Oh such a stunning cat!


----------



## RarePuss (Jun 16, 2004)

gorgeous!!! i love blue-eyed cats.. is he a color-point/lynx-point?


----------



## Celebsilmare (Aug 9, 2004)

She's actually a Siamese/tabby mix. By her colors I would guess that one of her parents was a seal or blue point.

Here's my other Siamese/tabby mix. Her mom was a purebread seal point siamese.


----------



## ForJazz (Dec 30, 2003)

siamese/tabby mix is actually what RarePuss was referring too I think -- the name for a pointed cat with tabby stripes in the points is "lynx point."


----------



## Celebsilmare (Aug 9, 2004)

Oh ok Oops  I'm still learning all the point names.


----------



## RarePuss (Jun 16, 2004)

ForJazz said:


> siamese/tabby mix is actually what RarePuss was referring too I think -- the name for a pointed cat with tabby stripes in the points is "lynx point."

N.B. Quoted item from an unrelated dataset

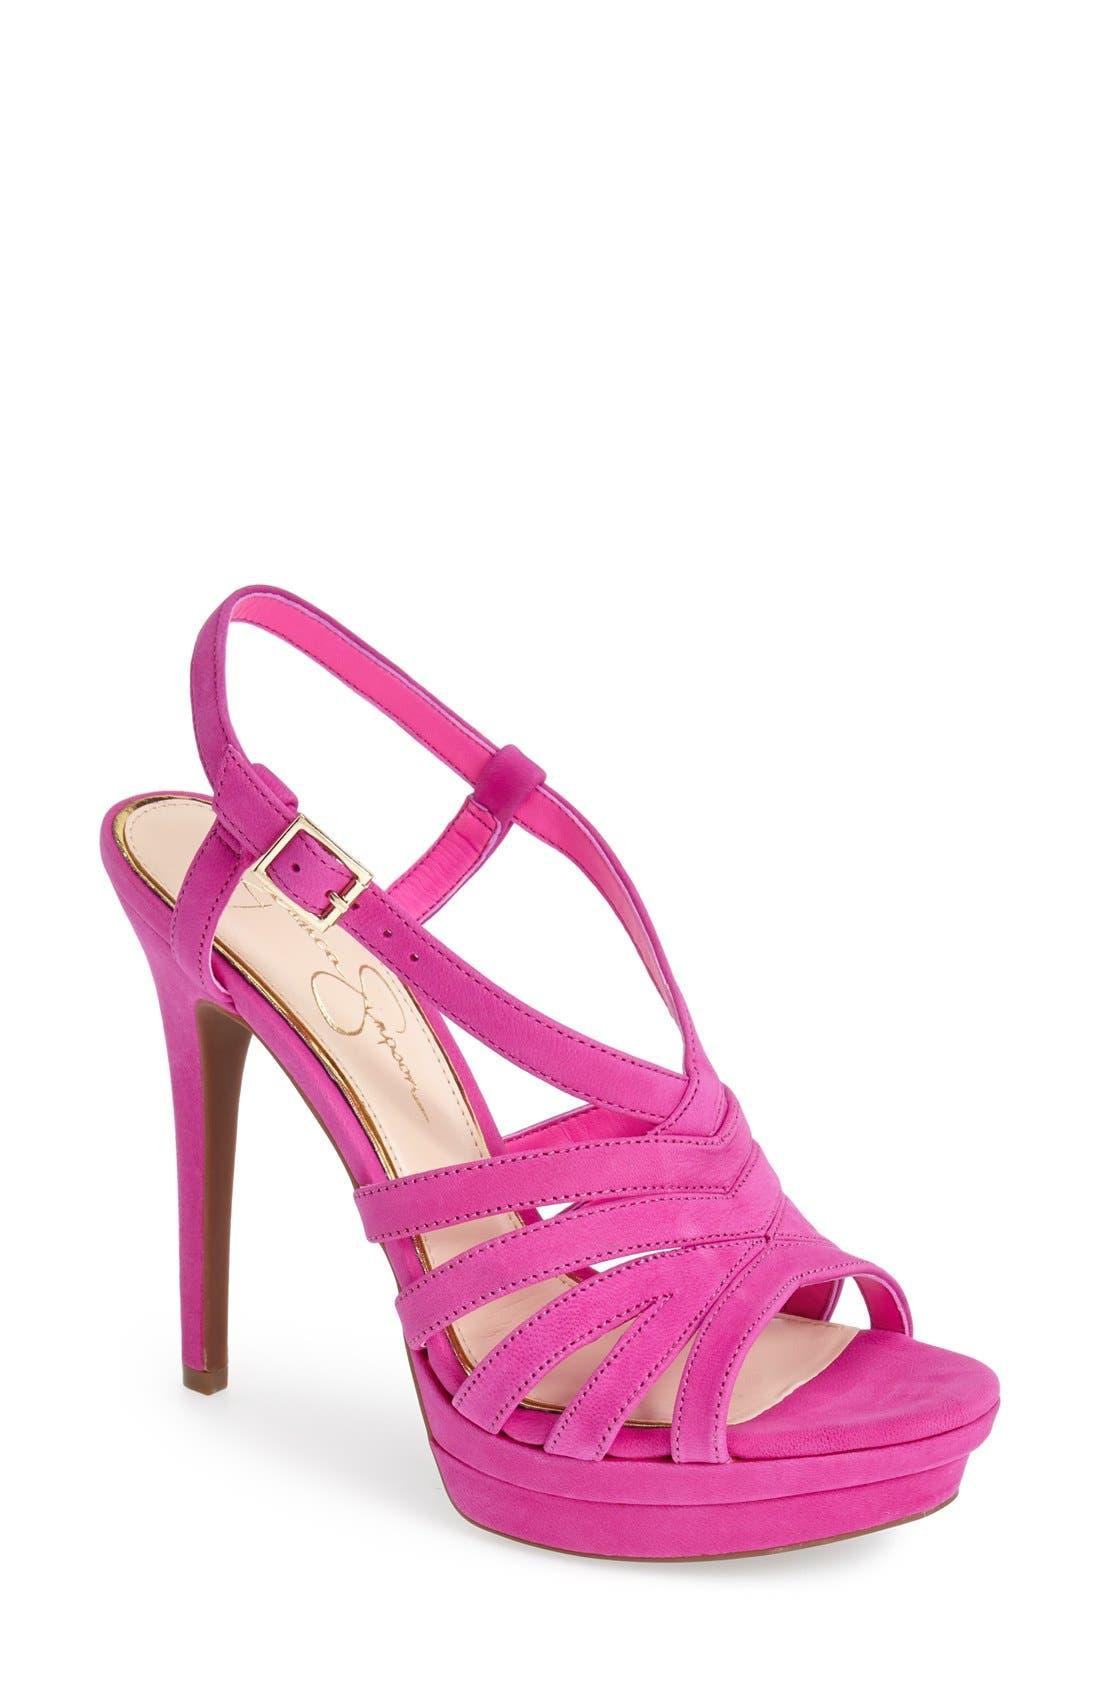 Alternate Image 1 Selected - Jessica Simpson 'Peace' Suede Peep Toe Platform Sandal (Women)

yes! thanks for correcting me too, i'm learning as well


----------



## ForJazz (Dec 30, 2003)

Oh Marina, I think you had it right. Colorpoint is used sometimes too, usually with certain breeds like oriental and a few others -- it really depends, but they both mean the same thing. Just like some associations say "torbie" and some say "patched tabby."


----------



## Stanky (Feb 28, 2005)

Love the eyes!


----------